From what I have seen in various university budgets available online (and working a little behind the scenes), the operating costs that are dominated by either non-faculty/non-athletic employee costs or contracted services really do not tend to have a lot of variability, at least once you control for the labor market in question. These undoubtedly went up over time, particularly during the era when health and retirement benefits got so much more expensive. But that was more or less a universal effect.
Instead, the big cost variables between colleges are faculty costs, athletic staff costs, capital expenditures on things like labs and dorms, and . . . financial aid.
And so if you want smaller class sizes, fewer grad student TAs, better faculty research output, and so on–it costs. If you want the best coaches and training staffs and so on–it costs (well, most of the time–a few colleges end up with net internal profits from athletics, but not many; I think it is like around 20 of the 229 D1 schools, for example). Modernized labs and nicer dorms and such–it costs. More financial aid–it costs.
And so yeah, there are not a lot of areas here where you could cut variable costs without angering a lot of stakeholders who value what those costs have bought.
Then your claim that ‘COA is skyrocketing’ is unsubstantiated. I am talking about net COA, not gross. Net COA is actually what people are paying and discounting is at an all time high. At many schools the large increases have been in gross tuition, not room and board.
It’s not unsubstantiated. It’s private, because unlike other posters, I don’t want to name names and my information is on specific schools.
As a parent, if I wasn’t paying attention to this while my children were in middle and high school, I would be being very foolish, don’t you think? He who fails to plan plans to fail.
There isn’t a difference between gross and net COA for everyone. At many schools, half of families are seeing equal figures between gross and net COA.
That’s true, and that seems to be the issue here…some on this thread are talking about making college costs lower for full pay families at highly rejective schools that don’t offer merit aid, while others would like to see the most needy of students be able to afford any college at all. Easy choice for me.
One more response and then I’m moving on, but the OP said for everyone, not what you said. Other posters introduced the idea of sectioning families by demographic group.
So it is true that if enough families of the students these colleges value are willing to pay the net costs necessary to get smaller class sizes, fewer grad student TAs, better faculty research output, competitive athletics, modernized labs, and/or nicer dorms–there will not be “market pressure” for universities to downgrade in those areas in order to reduce net costs.
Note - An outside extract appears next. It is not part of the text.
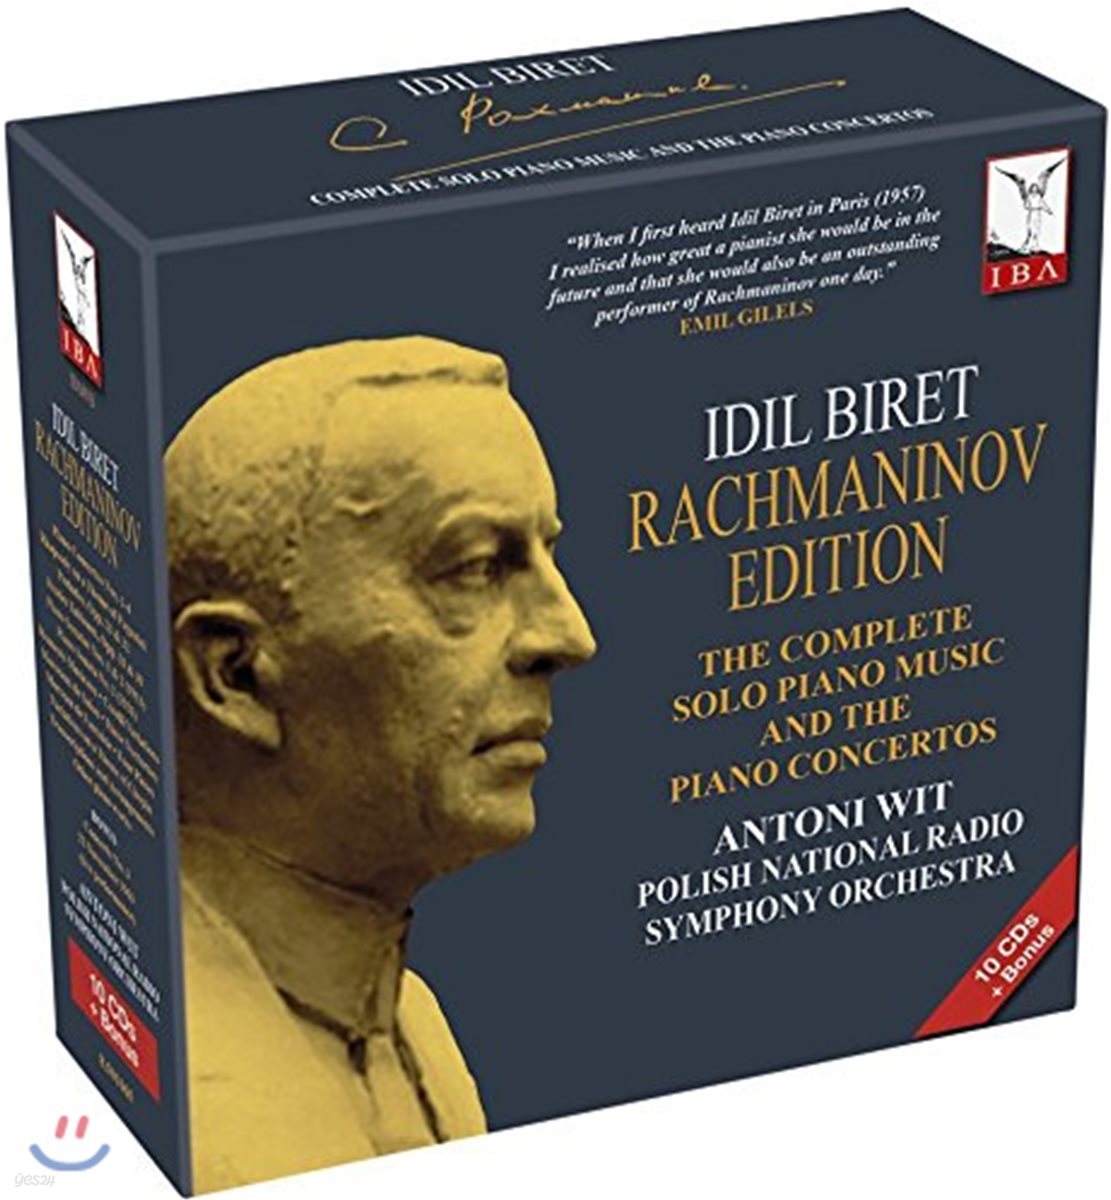 Idil Biret 이딜 비렛 라흐마니노프 에디션: 피아노 독주곡과 협주곡 전집 (Rachmaninov Edition)
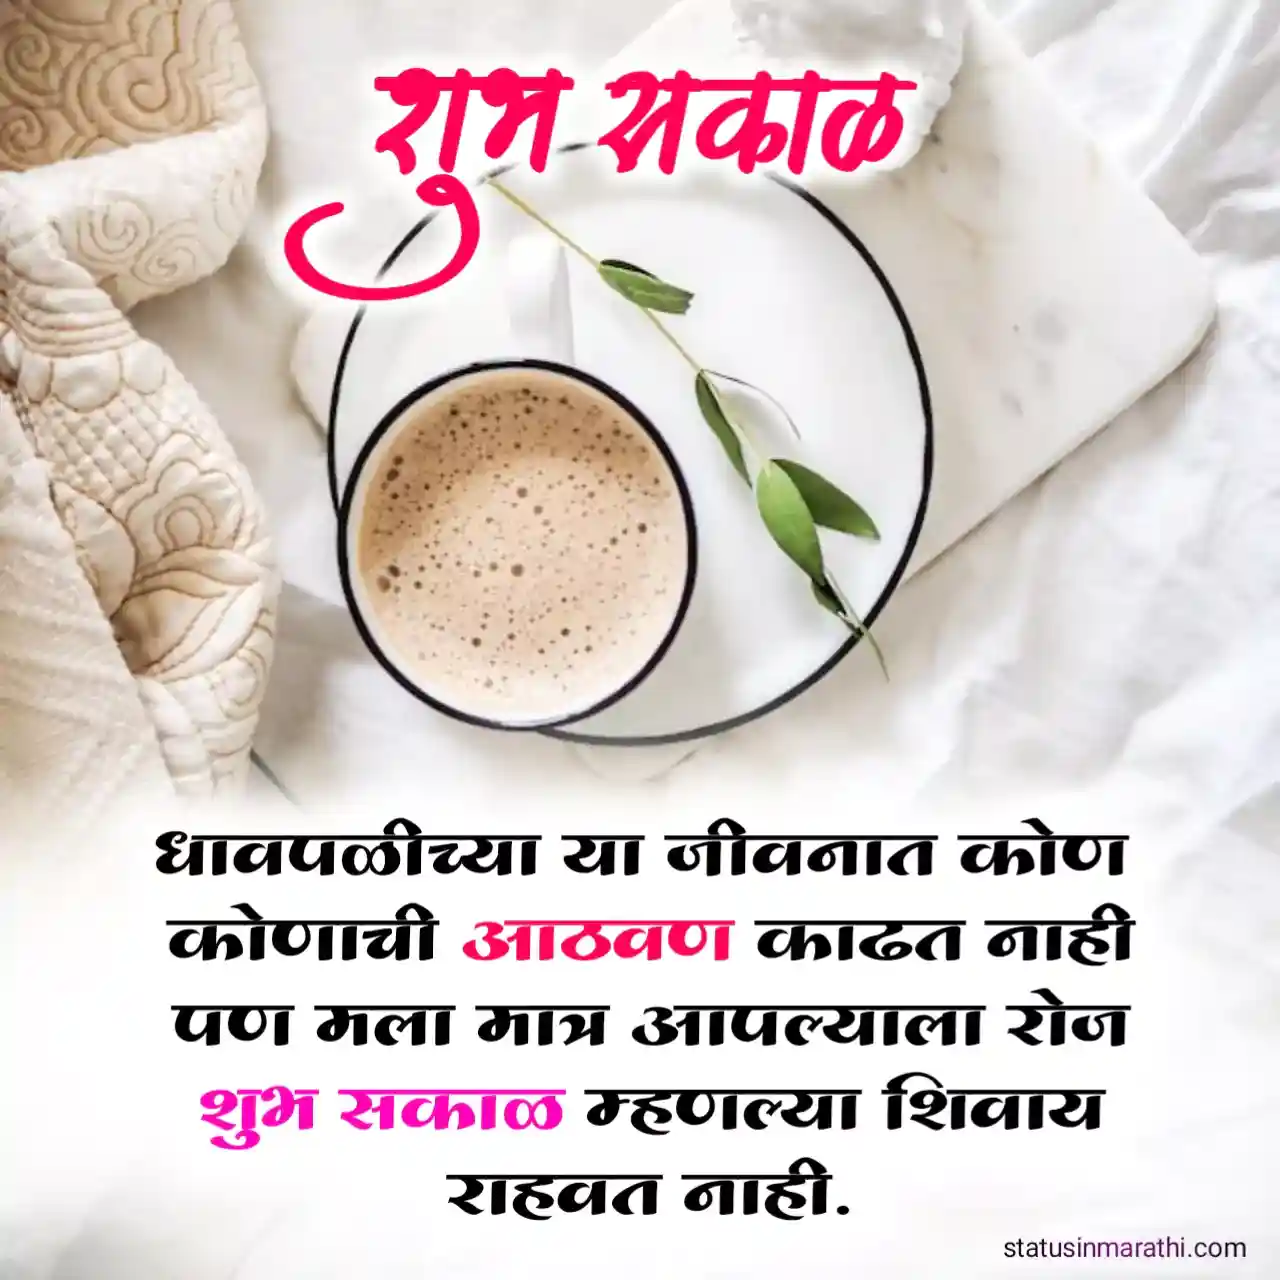 Good morning wishes in marathi

Given that, the only public policy option would be to actually prohibit any university from spending more than others on those sorts of things in order to attract valued students and otherwise satisfy various stakeholders.
They certainly could, but that would only bring down the costs for a lucky few that get accepted into those college with multi-billion dollar endowments, certainly not “everyone”. Harvard could offer free tuition to all of its undergrads, but that will have zero impact on say, Ohio State Uni which educates a whole lot more kids every year.
But that also raises the question, why should the uber wealthy (think Bill Gate’s) children receive a lower cost of attendance at such a college? Why should teh scion of an oligarch get a lower cost to attend?
It’s so much easier to spend than to cut. There’s going to be opposition to cutting any benefits (once they’ve been taken for granted), whether in higher education or in the society as a whole. Doesn’t this problem of high cost in higher education mirror those we face elsewhere in the society?
Not to mention, that Congress likely does not have that Constitutional authority. (Congress could eliminate federal funding such as Pell grants to students who attend well endowed private schools, but that wouldn’t go over so well and woudl have nothing to do with costs.)